Transient global amnesia is a rare condition that affects about five out 100,000 people per year. The experience can be frightening for both the person experiencing it and those who are present when it occurs. While experts have not identified a specific cause, some common triggers occur in people who have had transient global amnesia. Luckily, the condition resolves on its own within 24 hours and does not seem to have any long-lasting effects.
Transient global amnesia (TGA) is a temporary short term memory loss that occurs suddenly and is not caused by another neurological event such as a stroke or epilepsy. During an episode, the person becomes suddenly confused about where they are and what they are doing there. They may ask the same questions over and over because they cannot remember the answers they were just given. Otherwise, they are alert and seem to be thinking normally.
While transient global amnesia and dementia share some characteristics, they are different conditions.
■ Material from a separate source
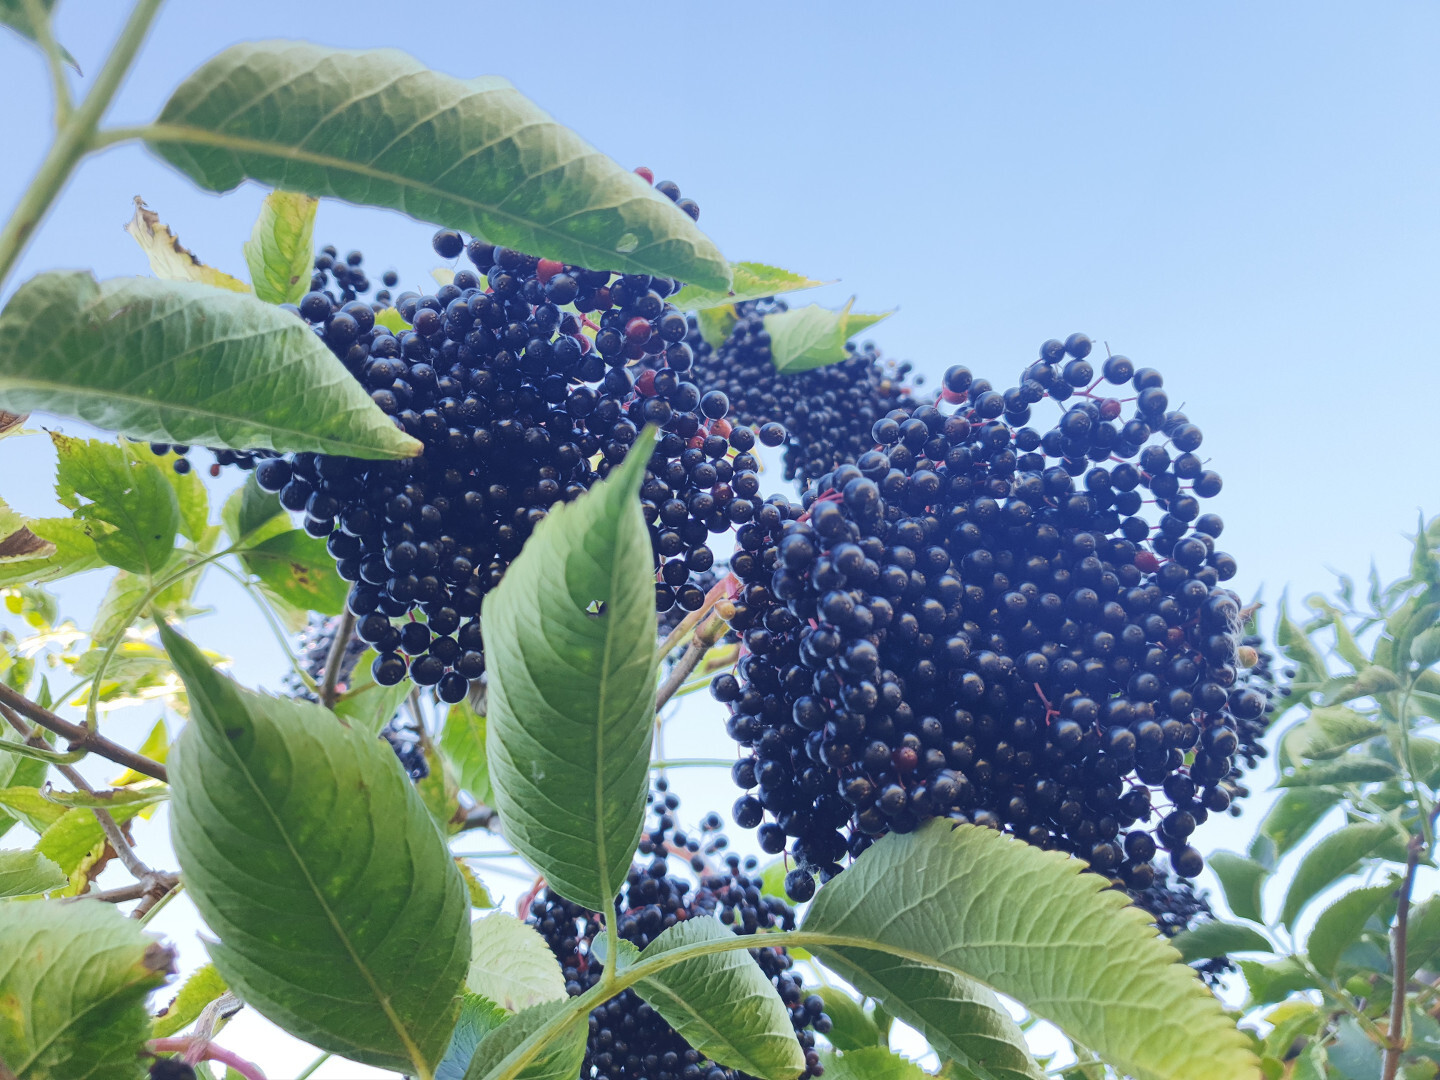 Owoce czarnego bzu na krzaku, na pierwszym planie widać liście a w tle błękitne niebo

People with dementia are often confused about who they are and may not recognize the people around them, but those experiencing TGA retain much of this knowledge: who they are, who friends and family are, and how to perform complex tasks. No memories are formed during the episode and the person has no recollection of the experience after it passes.
The defining characteristic of transient global amnesia is the sudden onset of the inability to form new memories or recall short term memories. For an official diagnosis of TGA, a witness must verify this sudden onset. The affected individual must retain their identity and be able to follow simple directions and recognize familiar objects. Finally, there cannot be any signs of impairment or damage to the brain, such as involuntary movements, facial drooping, or limb paralysis, which are more likely to indicate a stroke.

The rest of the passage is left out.